Annie’s husband, Amaury, a car designer, added, “When I was growing up in Puerto Rico, I always had an admiration for American Pop culture, with Hollywood and the car industry. I took it for granted that Americans will take care of Americans, whether they live in Mira Lago or in Puerto Rico. But they have not gone without electricity for seven weeks at Trump’s resort. The people of Puerto Rico only want electricity and water. The sad part is to realize that this is not the country that I thought I was living in.”
Laura Mitchell, a retired New York City sanitation woman who lives in Arroyo, one of the worst hit towns when Hurricane Maria made landfall on September 20, spoke to the WSWS by cellphone from her darkened apartment, which still lacks electricity. Only 42 percent of the island’s population has power.
“The teachers were having a peaceful protest when the cops came and roughed them up and took them away in handcuffs. The new superintendent, who is paid a lot of money, wants to close 184 schools, even though there is nothing wrong with them. Many schools were supposed to open last week, but they didn’t. It’s all part of the agenda. The Democrats and Republicans, and their parties here, are just out for the money.
“Thousands are leaving the island because unemployment is high, they’ve lost their homes or they don’t have electricity. But half of the 25,000 people who left for Florida have been put up in shelters. They thought they would get housing and a good job. Instead they are getting the lowest-paying jobs and are waiting in shelters until something opens up.

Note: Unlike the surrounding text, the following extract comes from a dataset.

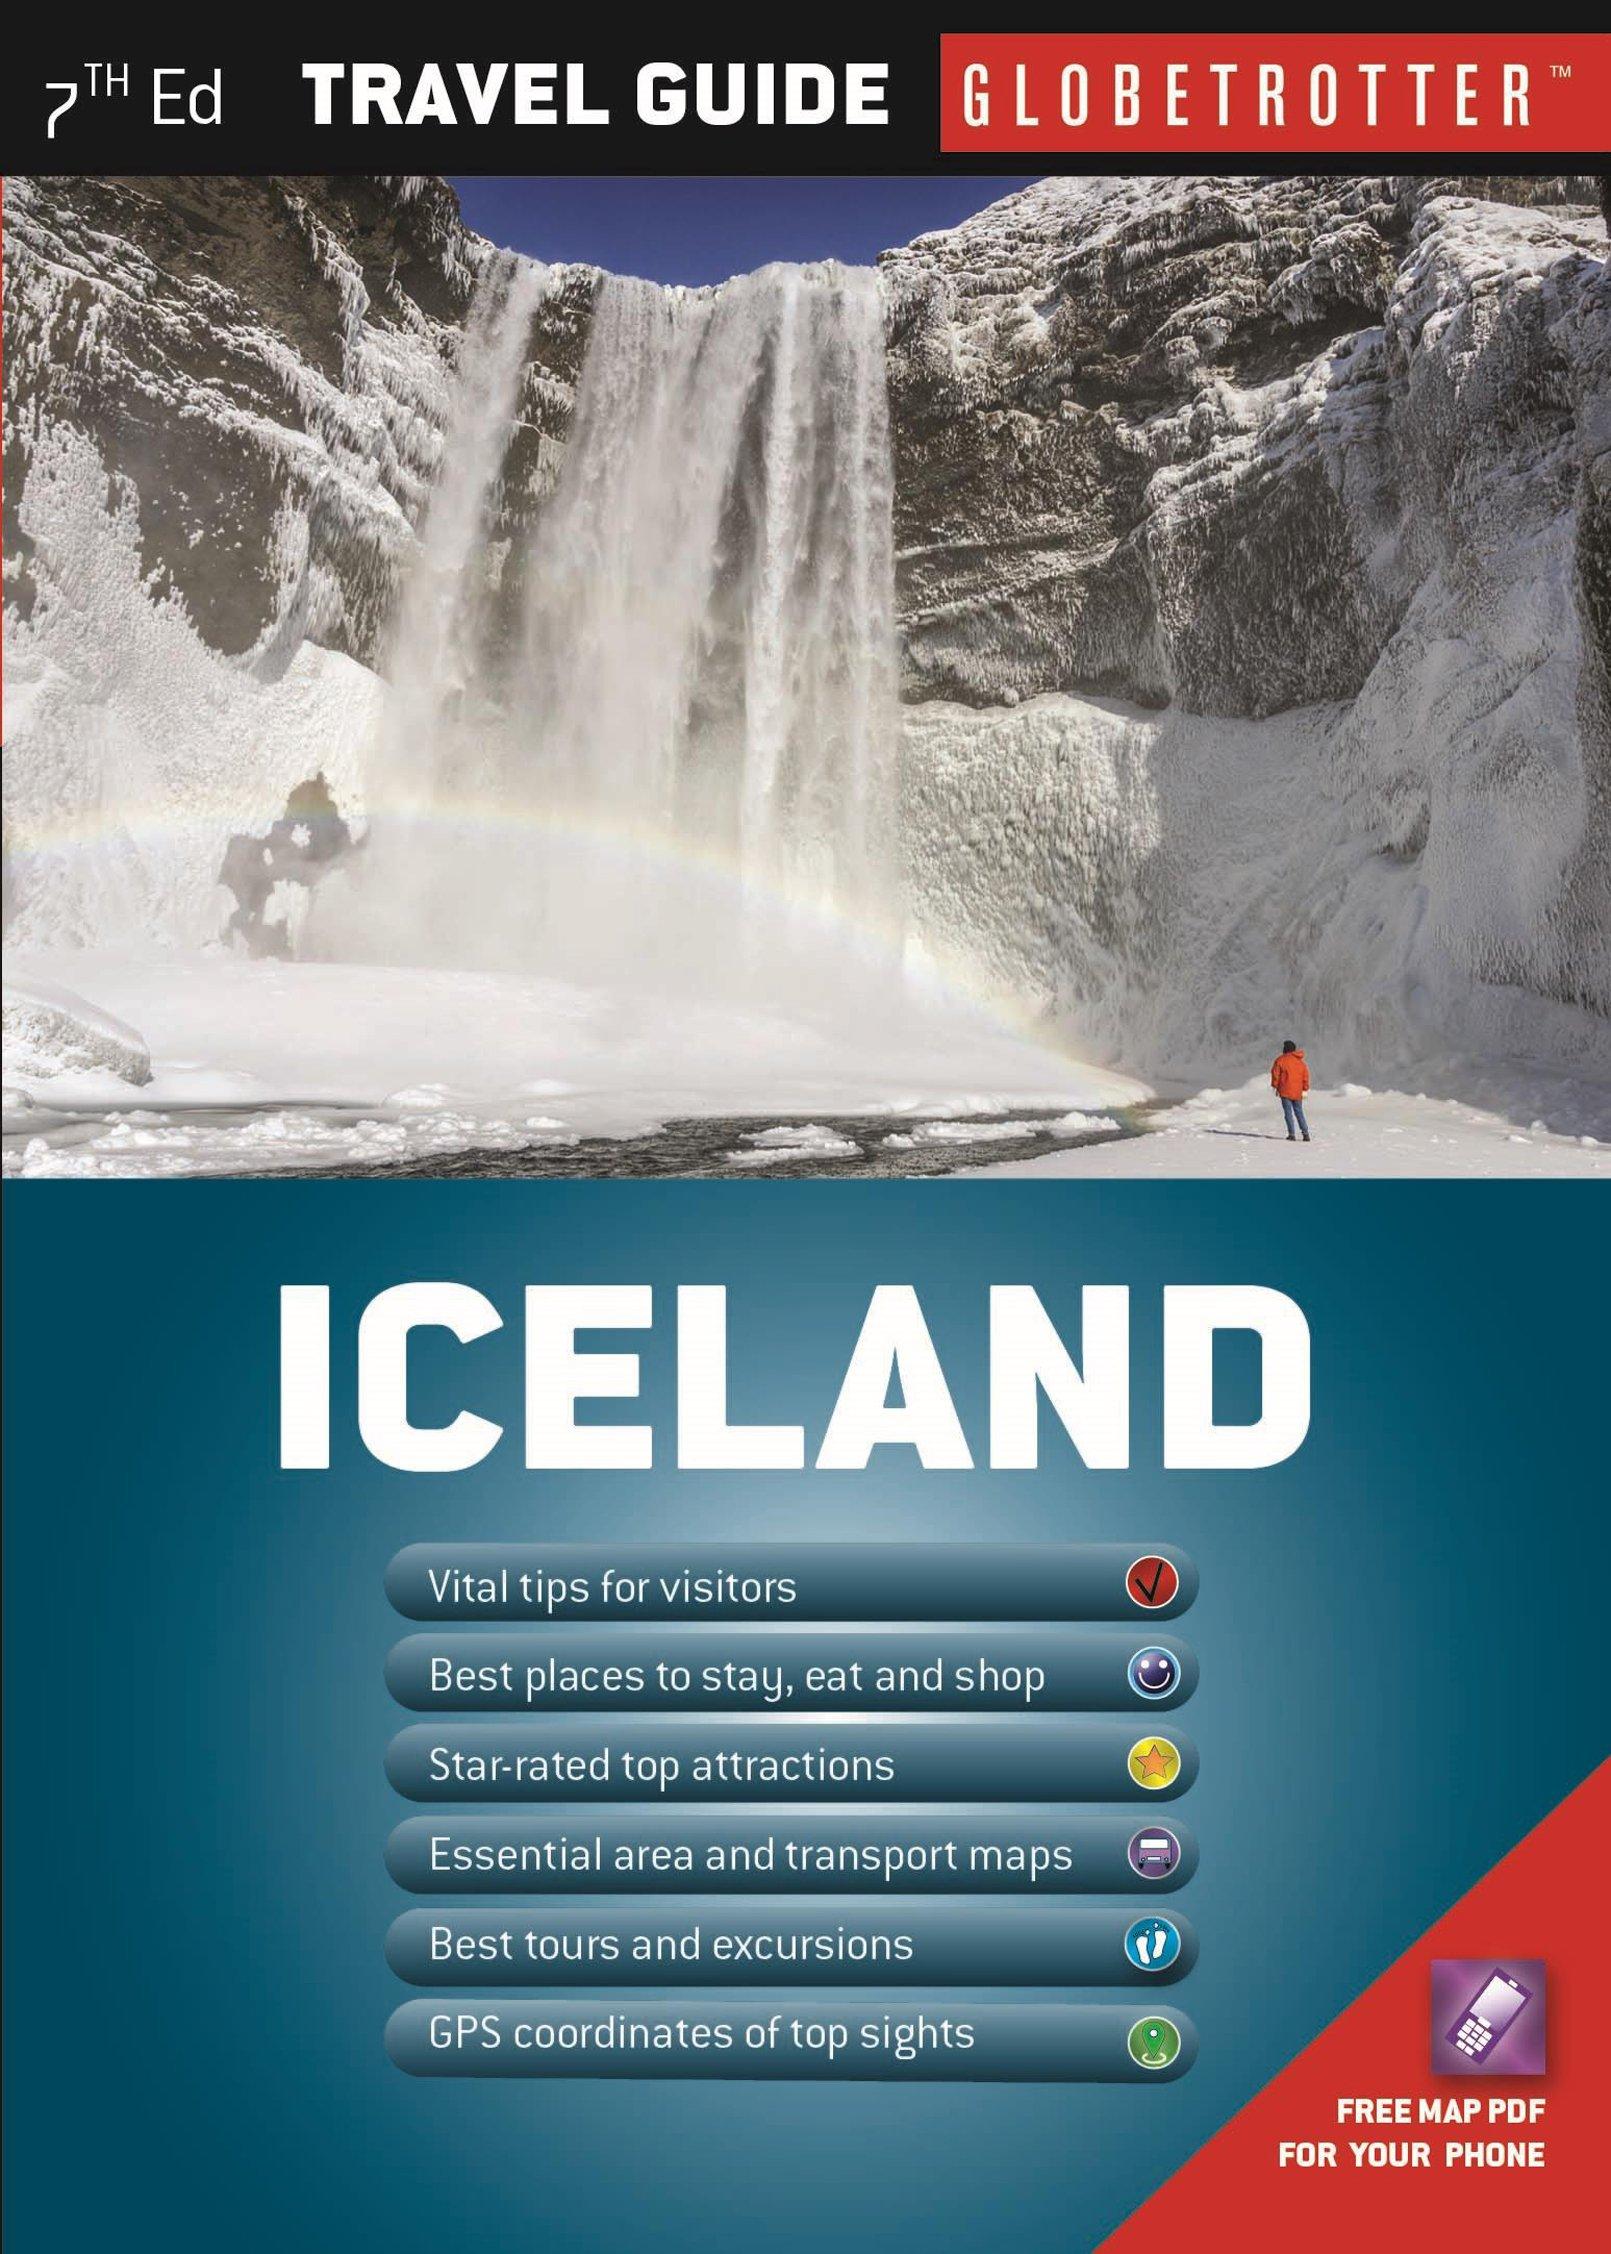 Iceland Travel Pack (Globetrotter Travel Guide)

“My friend teaches first to fifth grade and she is taking her kid with her to Florida because they are cutting teachers and their salaries. If they eliminate schools, it means spending less money. I am afraid that Puerto Rico will be worse after the hurricane. I don’t agree with the privatization of the electrical company. How many workers will lose their jobs? They are already starting to charge for sanitation here, and what will it cost for power once they privatize it?”